[WHAT YOU SHOULD DO] Leave the pictures out, and repeat exactly every line from the one with "Ny organisasjonsmodell i Nav IT." through the end of the data below.

RAW DATA section start

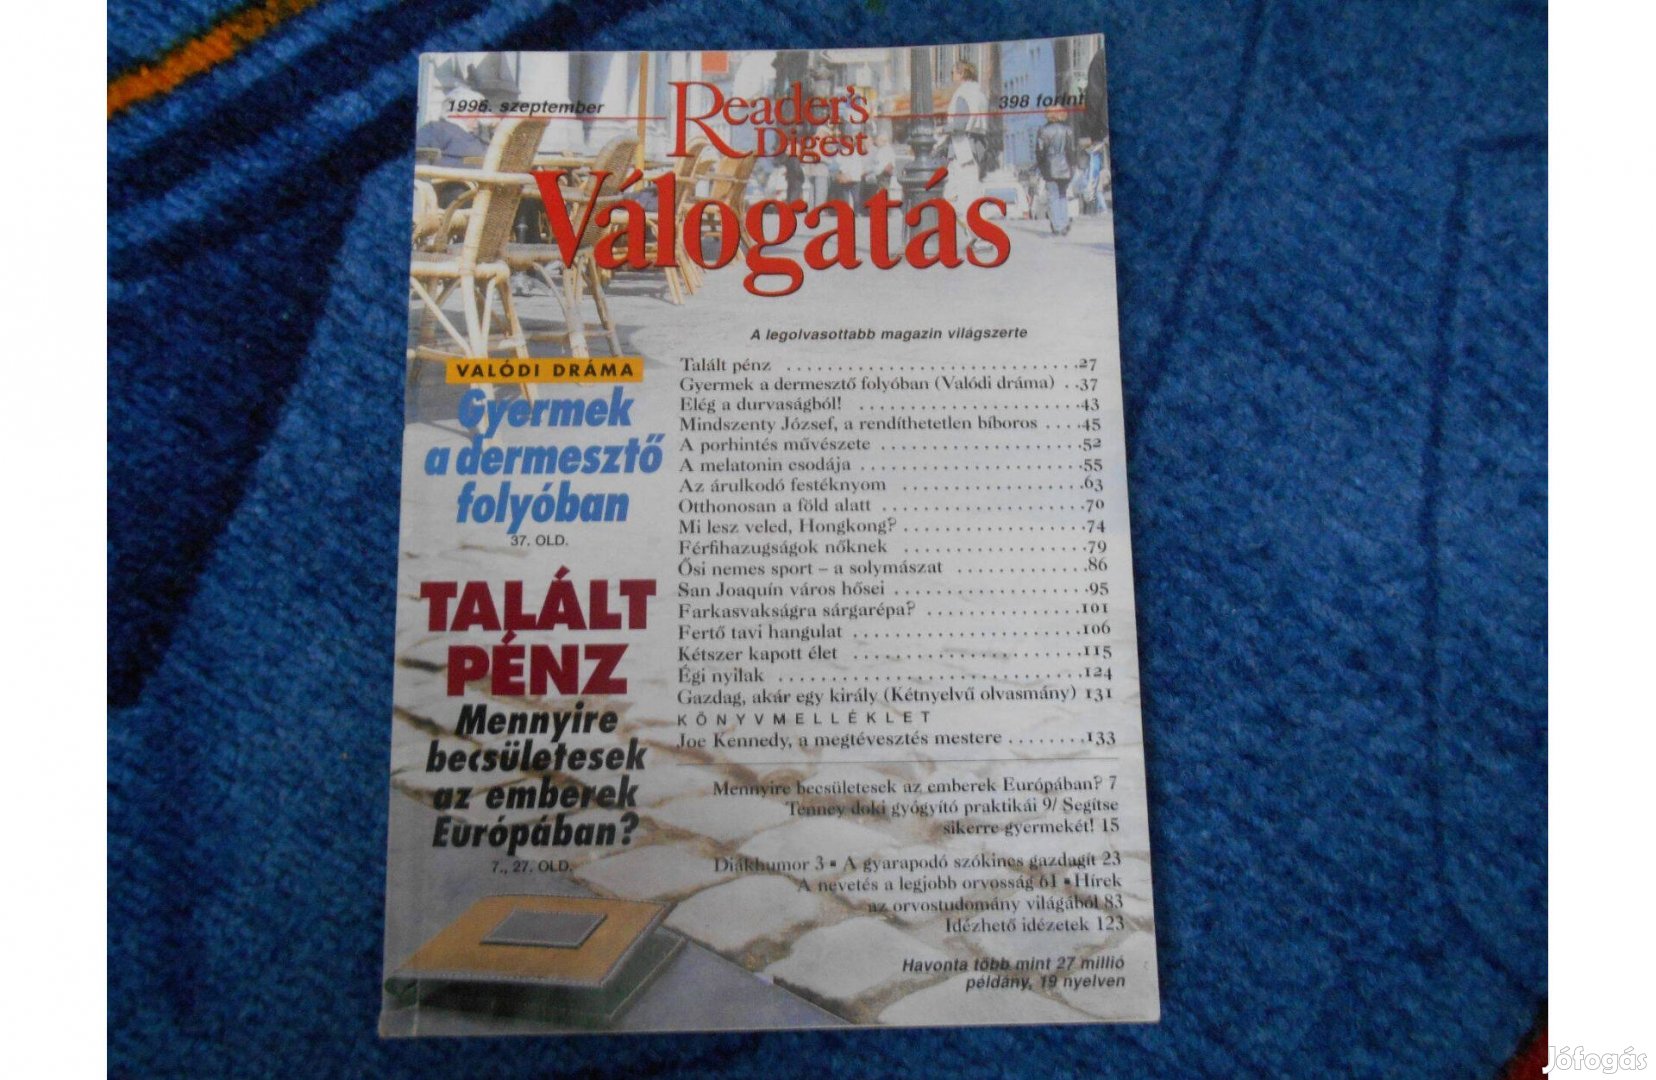 Reader's Digest magazin 1996 szeptember
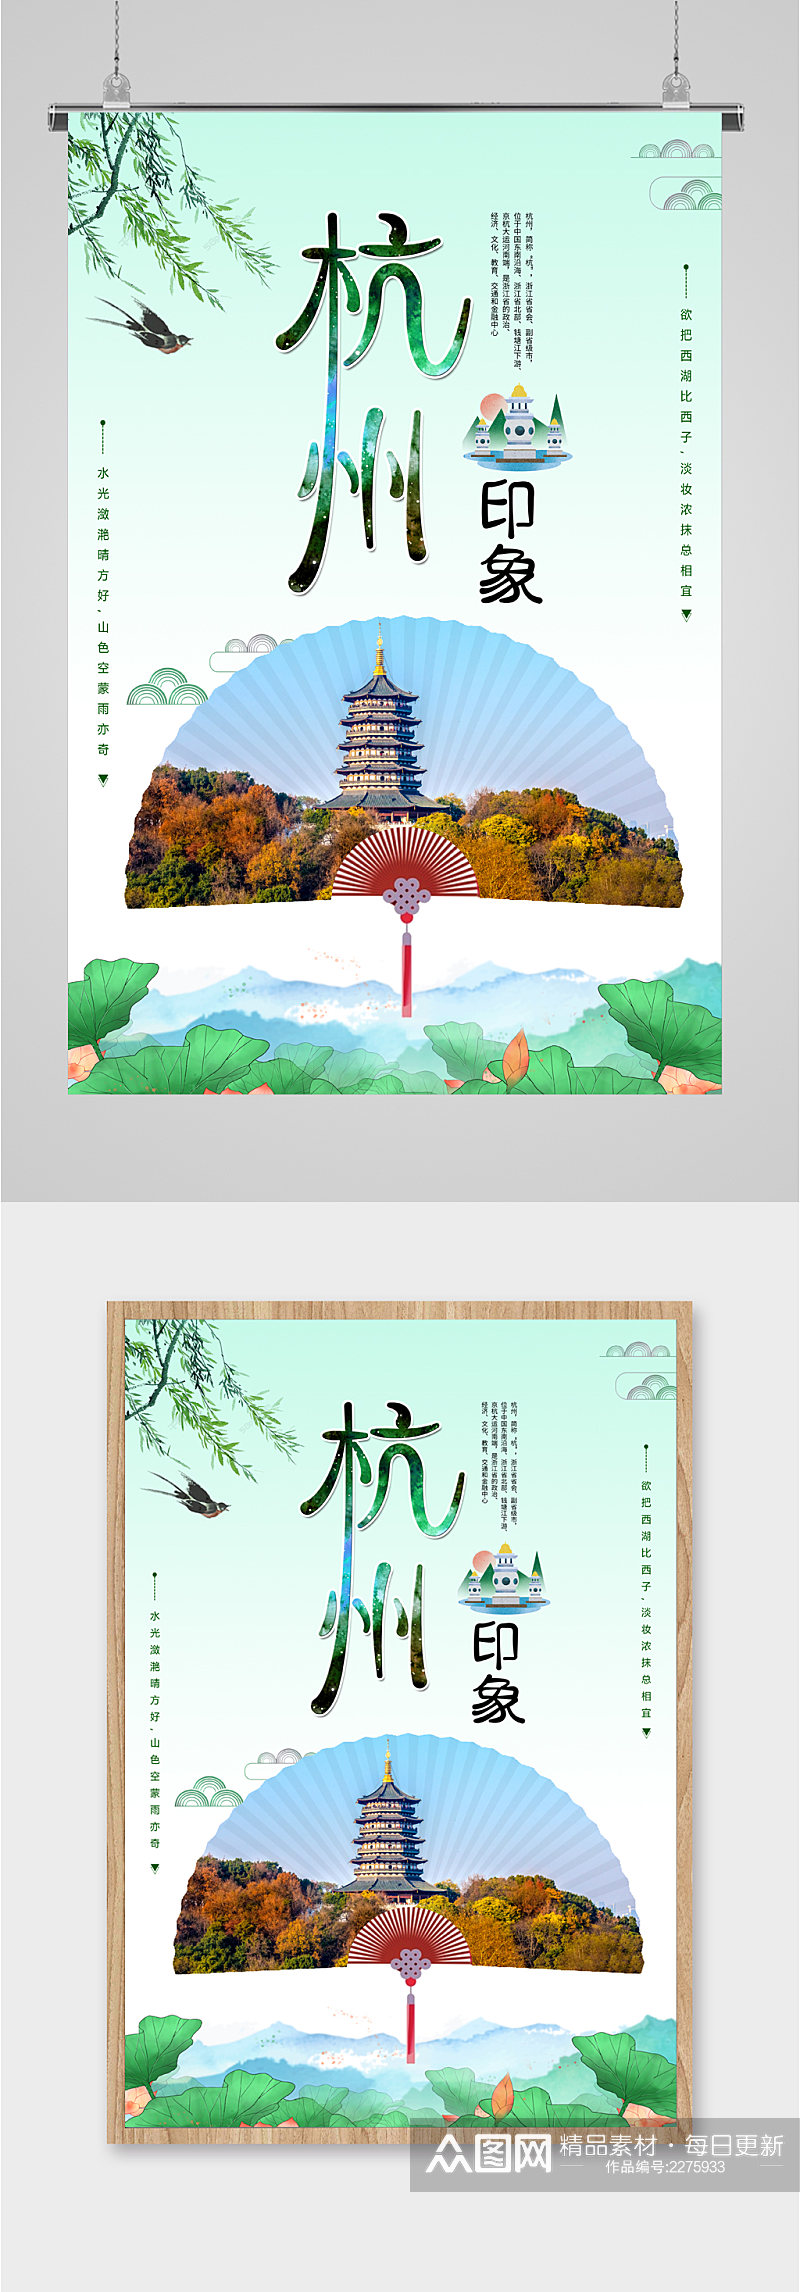 杭州印象风景海报素材
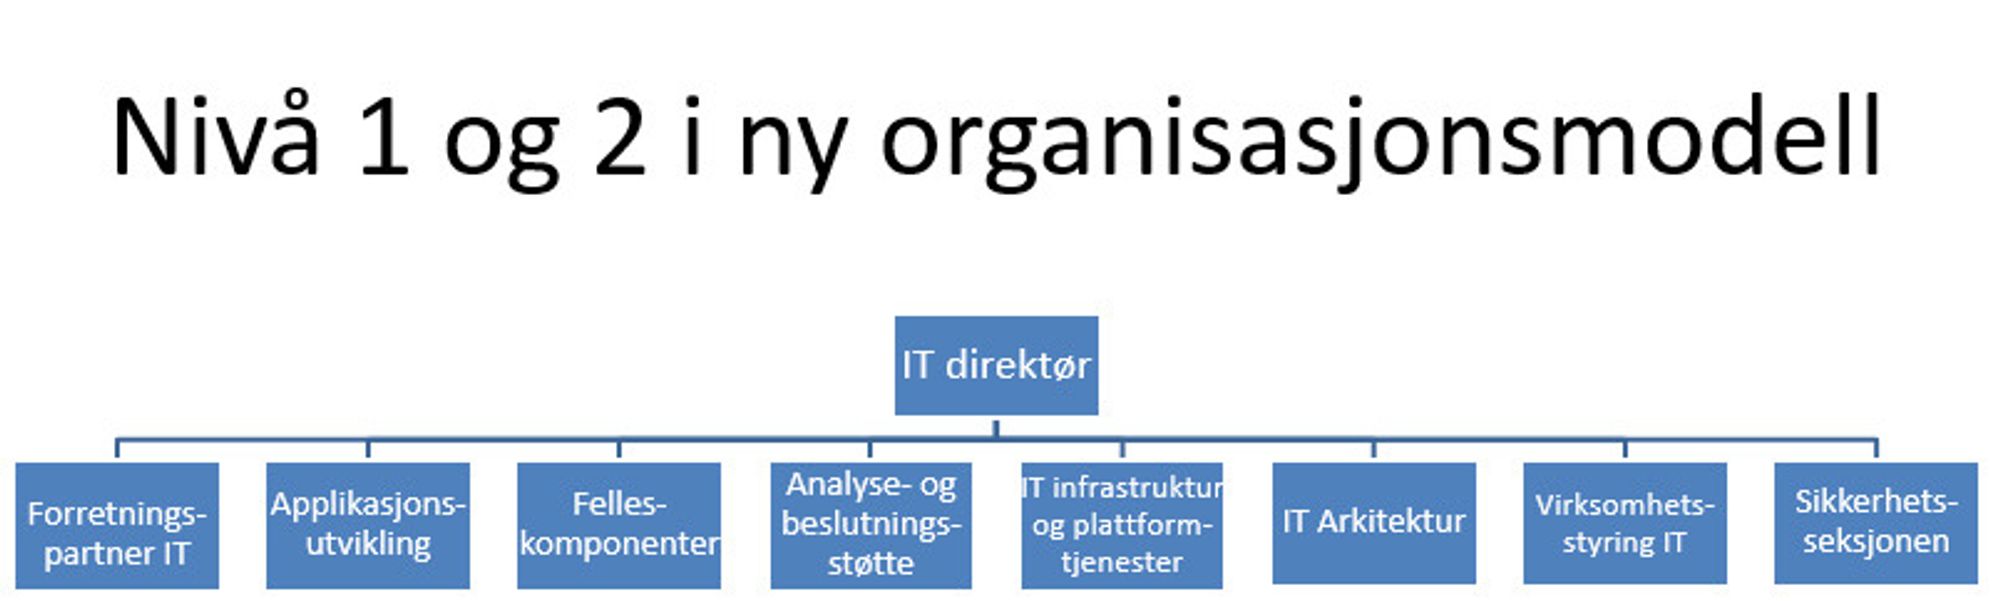 Ny organisasjonsmodell i Nav IT.
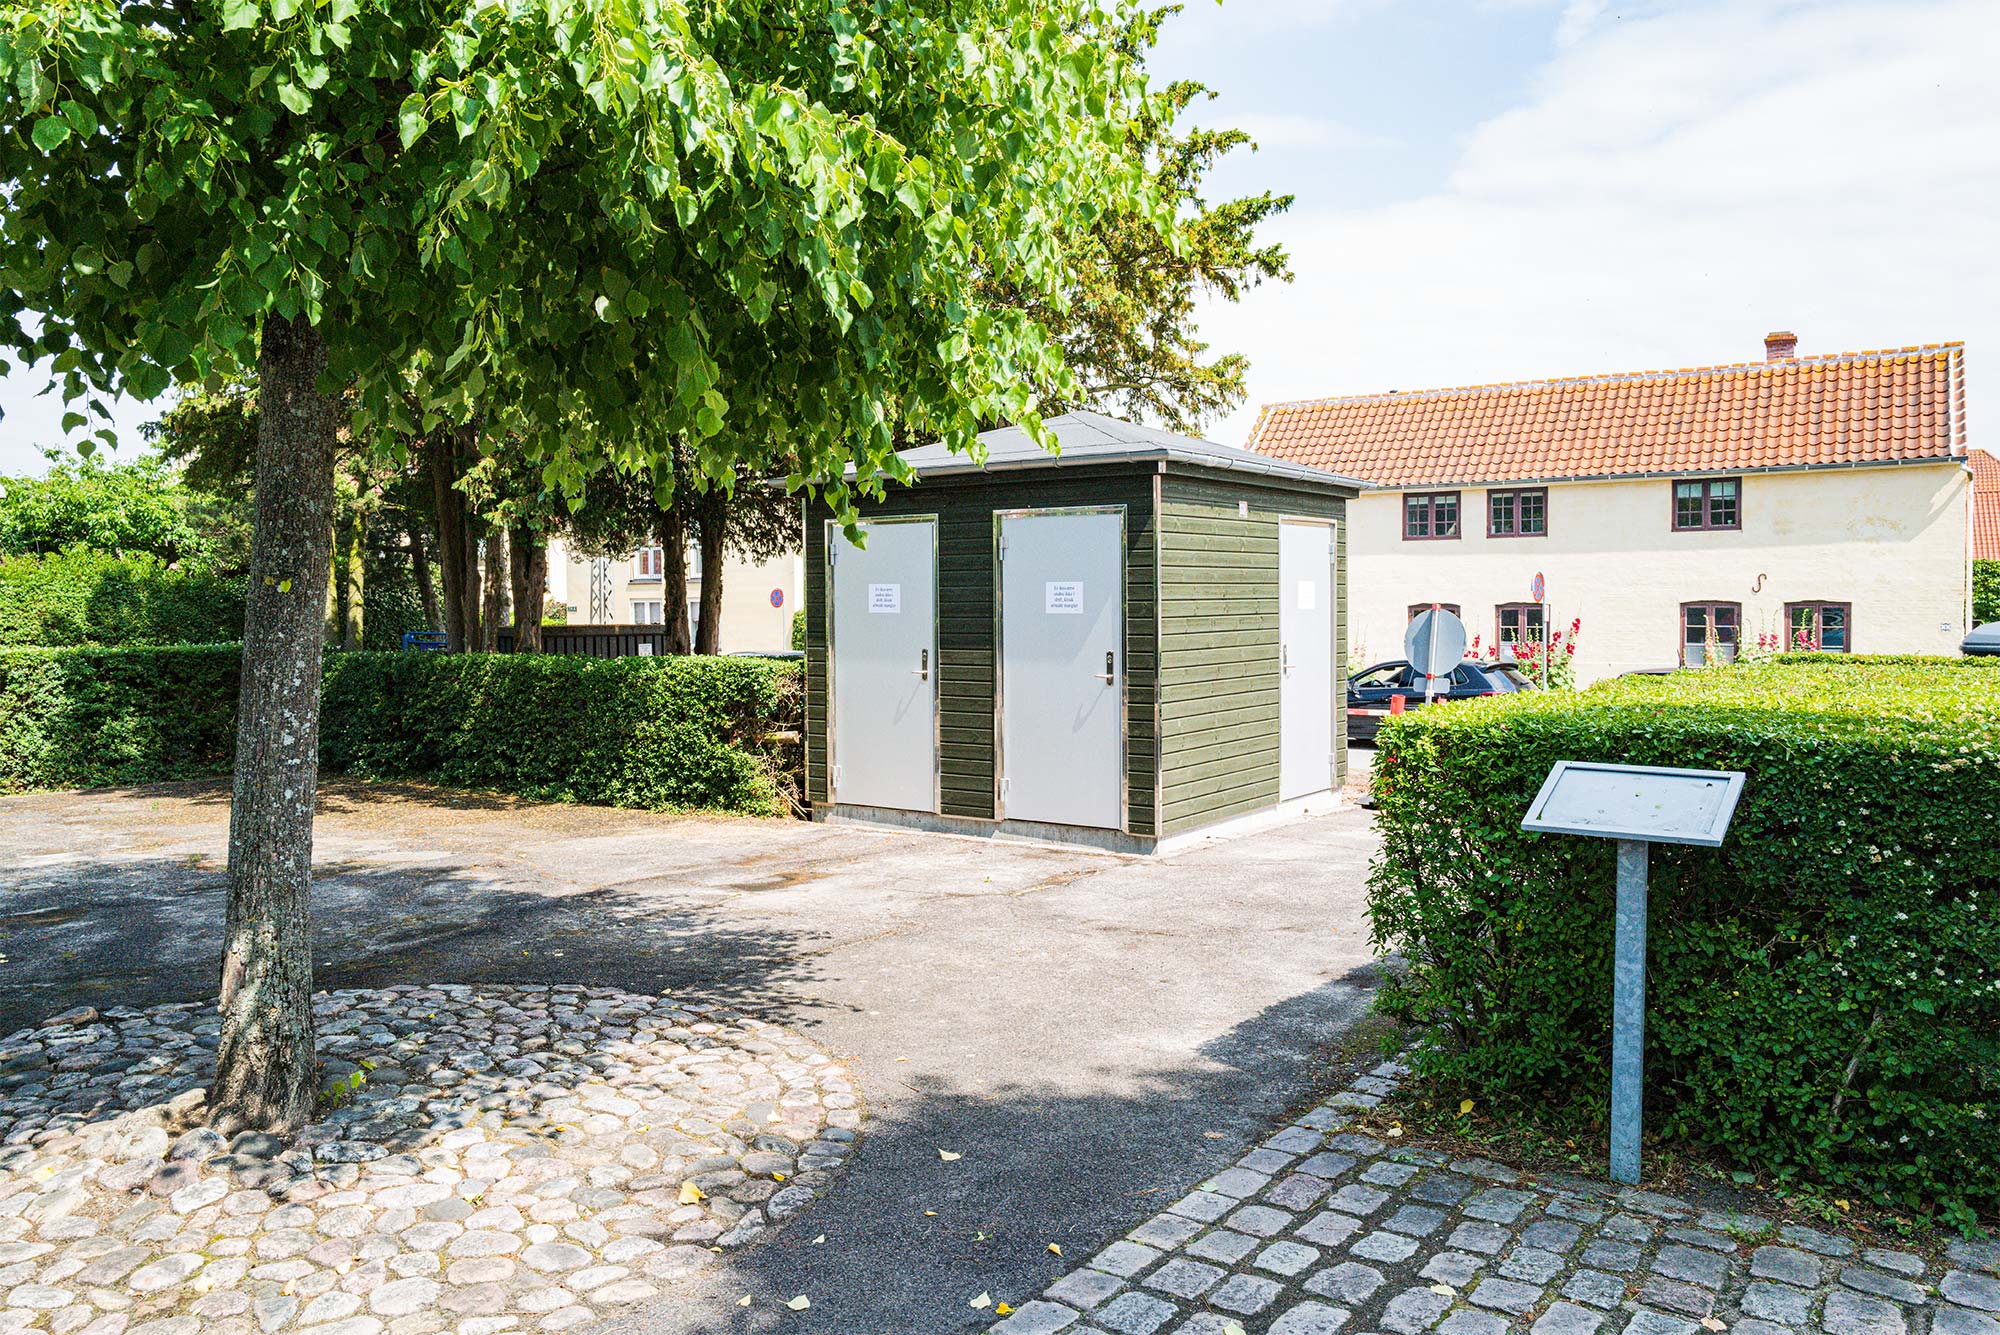 Efter mange års tilløb kom der i sidste uge flere offentlige toiletter i Drag­ør Kommune. Her blev denne toiletbygning nemlig opsat på Nordre Væl. Foto: TorbenStender.

RAW DATA section end

[RESPONSE FOR THIS EXERCISE]
 Ny organisasjonsmodell i Nav IT.
 Efter mange års tilløb kom der i sidste uge flere offentlige toiletter i Drag­ør Kommune. Her blev denne toiletbygning nemlig opsat på Nordre Væl. Foto: TorbenStender.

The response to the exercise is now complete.